Priebke's past caught up with him when a local writer, Esteban Buch, who was particularly interested in the painter and Belgian collaborator Toon Maes, wrote a history of Bariloche's exiled Nazis. Buch established a formal link between the aging man and the Gestapo officer who was responsible for the 1944 massacre at Italy's Ardeatine Caves that killed 335 people, including 75 Jews.

"He spontaneously told me about the Ardeatine episode, arguing that it was a simple execution of orders from Adolf Hitler," Buch, still surprised, told AFP.

Until then, Priebke had only been one of the town's rumored famous Nazis.

"It was recently confirmed to me that my book was the origin of the arrest" of the ex-officer, who was extradited to Italy in 1995 and sentenced to life imprisonment in 1998.

Because of his age and poor health, Priebke was allowed to serve out his sentence under house arrest at his lawyer's home.

Former Nazi intelligence officer Reinhard Kops, wanted by Jewish organizations for crimes against humanity, died at 86 in Bariloche under the pseudonym Juan Maler.
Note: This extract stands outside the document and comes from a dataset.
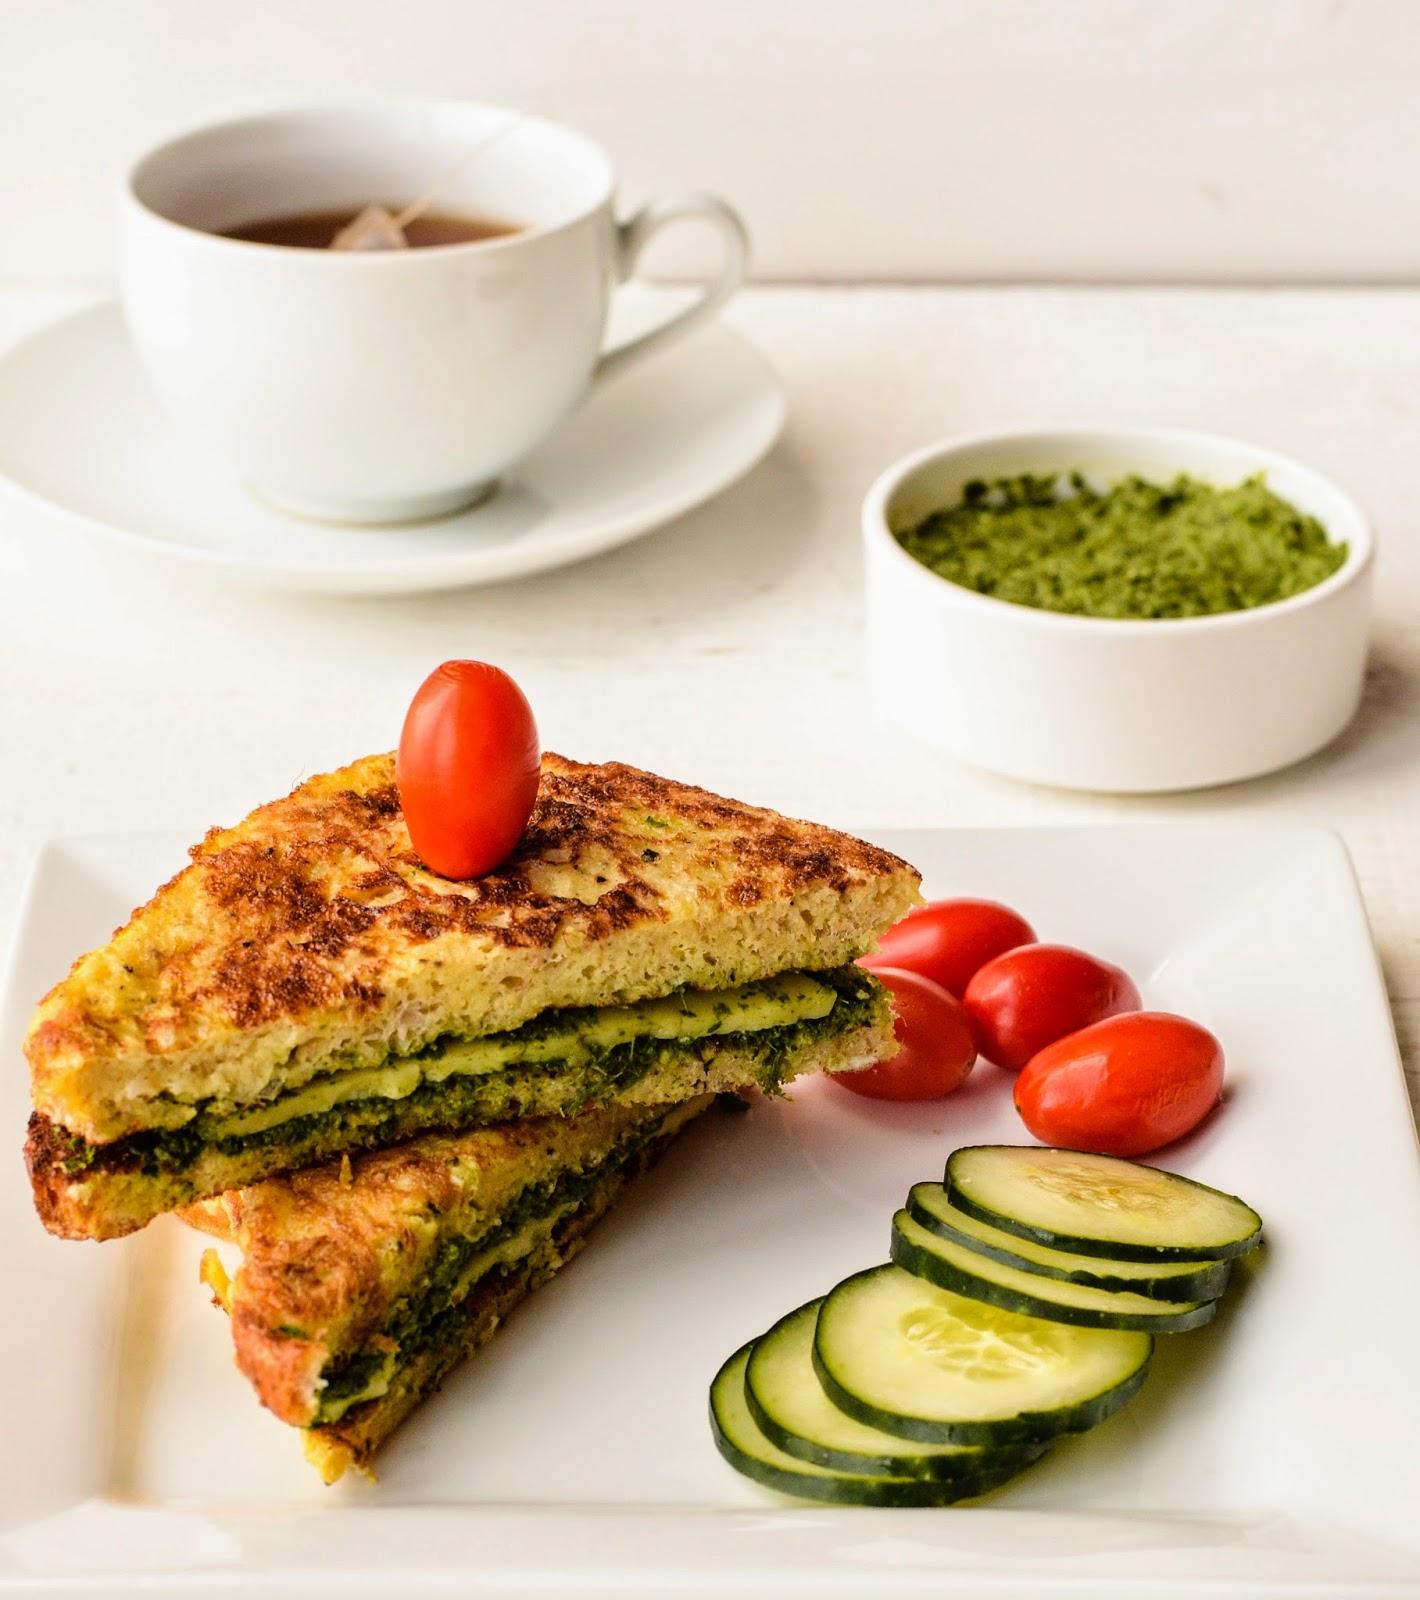 Savory French Toast inspired by Jayati

Dr. Josef Mengele, who used Auschwitz prisoners as medical guinea pigs, lived in Buenos Aires, and perhaps even Bariloche.

Carlos Echeverria, director of "Pact of Silence," a 2006 documentary on Priebke, says that European governments were complacent.

"The Christian, European Democracy left the fugitives in peace; Priebke didn't hide himself. In the 1950s, the German government reincorporated SS and gestapo members. Priebke was left alone here his friends were in the German state apparatus."

According to Sergio Wieder, head of the Simon Wiesenthal centre in Latin America, there is no current evidence of criminal Nazis in Argentina or the region, but, he warned, "we cannot rule out anything."